I tried adding a node with 

isRegexp  true;

analyzed false;

nodeScopeIndex false

and name as jcr:content/*/*/*/jcr*

 

and it still returned the result with author name (it is not excluding the property)

 

it is the same with these regex

 

jcr:content/*/*/*/jcr.*

 

jcr:content/*/*/*/jcr:lastModifiedBy

 

So it is not working  - and the reason for this is https://issues.apache.org/jira/browse/OAK-5187 

 

can you please let me know if my understanding is correct ? cc @kautuk_sahni 

 

 

 

Avatar

Community Advisor

Hi @cqsapientu69896,

Your understanding is correct. I missed about the open issue 

If your requirement is critical and need to be addressed by any means, consider the below.(approach not involving isRegexp, providing complete property path)

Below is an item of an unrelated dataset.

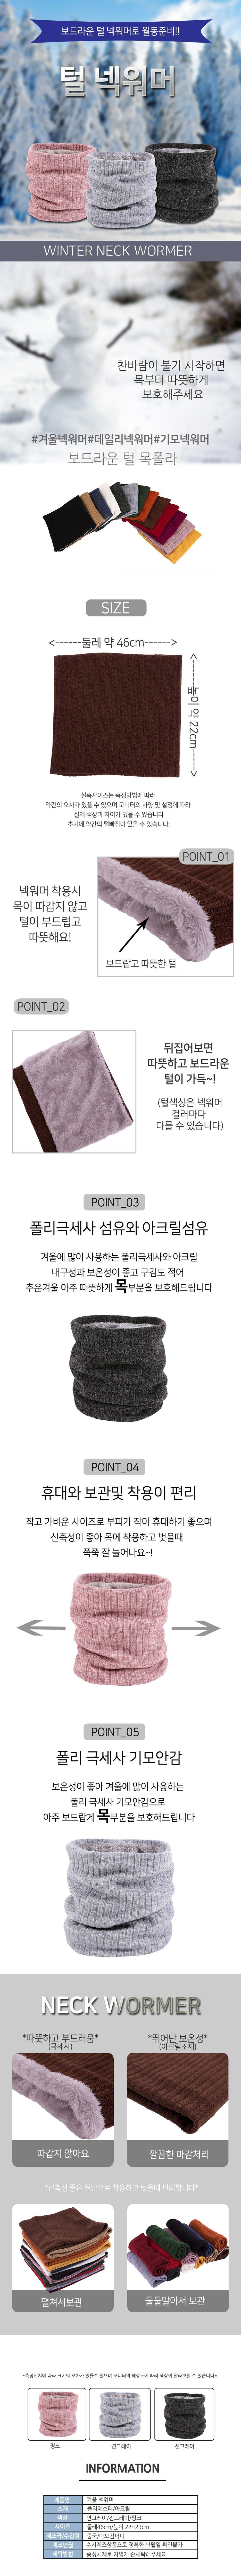 Winter 보드라운 넥워머 방한용품 CH1523888 - 익스트리모, 11,000원, 머플러, 니트 머플러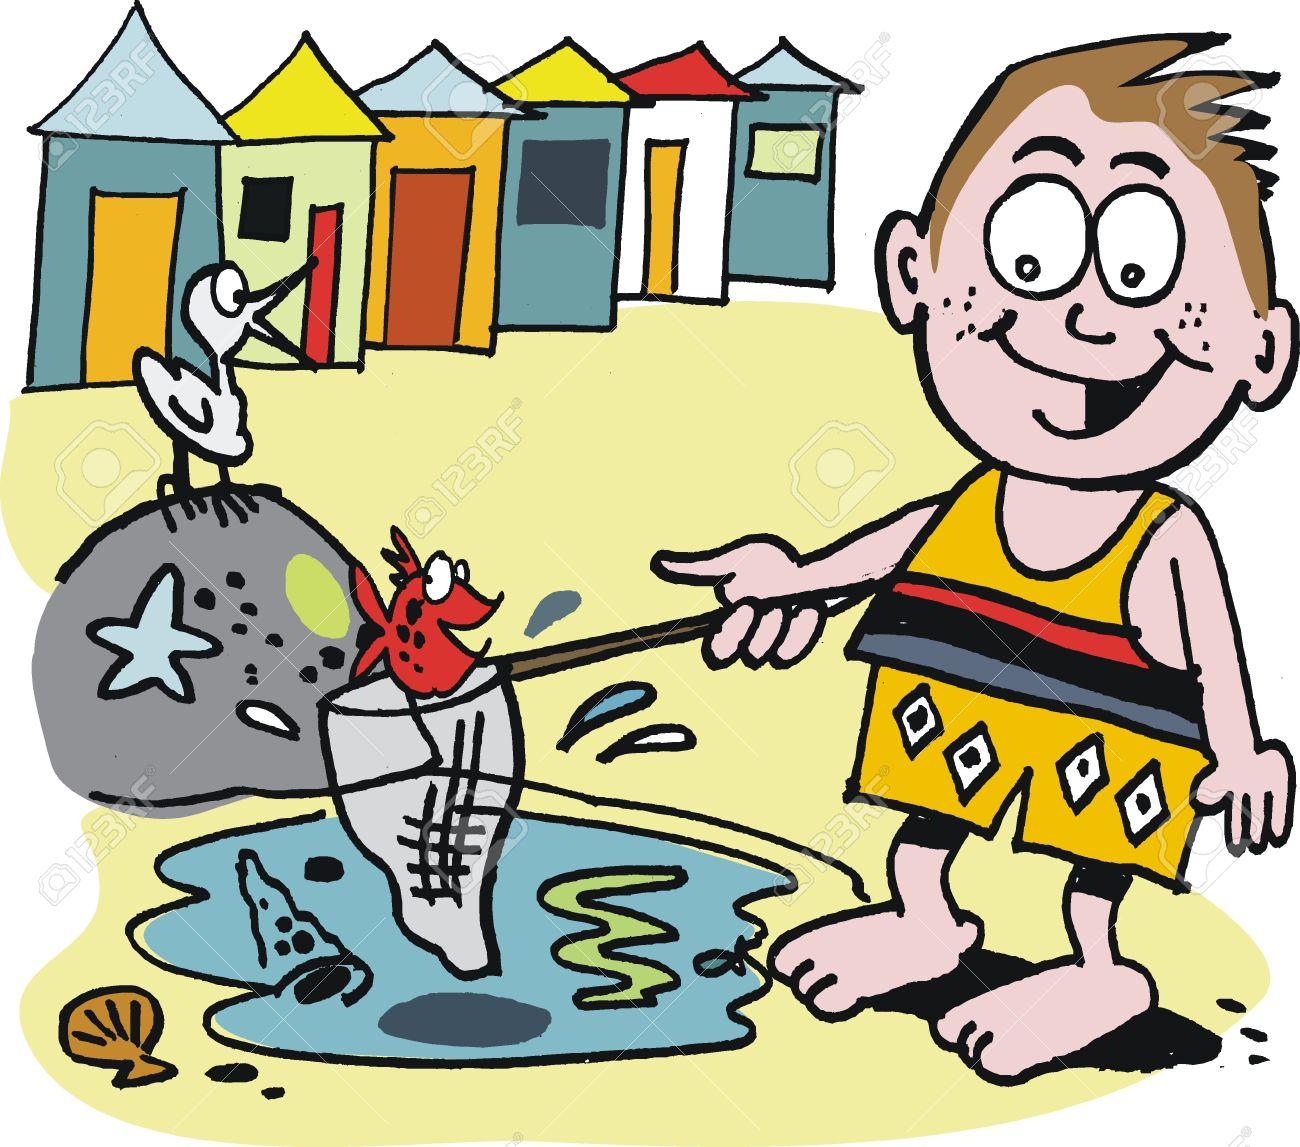 Cartoon Of Small Boy Fishing In Beach Rock Pool Royalty Free.

  • Per the aggregates defined as part of OOTB index - cqPageLucene (AEM 6.5.0), it indexes nodes 5 level below cq:Page node(Ex: jcr:content/root/responsivegrid/content_fragment/sample)
  • Properties that are part of testsample node in this path - jcr:content/root/responsivegrid/content_fragment/sample/testsample will not be indexed.
  • If the component nodes to be restricted is within this hierarchy and number of property paths(considering project content path patterns) to restrict is minimal, consider creating each of it providing full property path like jcr:content/root/responsivegrid/content_fragment/jcr:lastModifiedBy 

Also, as part of my trial in my local, could see that nodeScopeIndex/analyzed -> false is not restricting at times. You can try and if it is the same for you, use property named "excludeFromAggregation" -> true [Boolean] on the property instead.

Conclusion:

Providing full property path (without regex which works only for property names not for intermediate nodes) + "excludeFromAggregation" should work. Please try and update this thread.

Avatar

Level 1
I've just read that comment and I've got the same problem.

Avatar

Level 4

Thanks @Vijayalakshmi_S 

 

If you check my comment on the same day I asked this question; I had already tried 

 

excludeFromAggregation(bolean) false with complete property path and mentioned that it works

 

and also mentioned that it is not feasible and practical to add it for thousands of nodes as the node structure and hence the property path can be anything as per the content has been authored.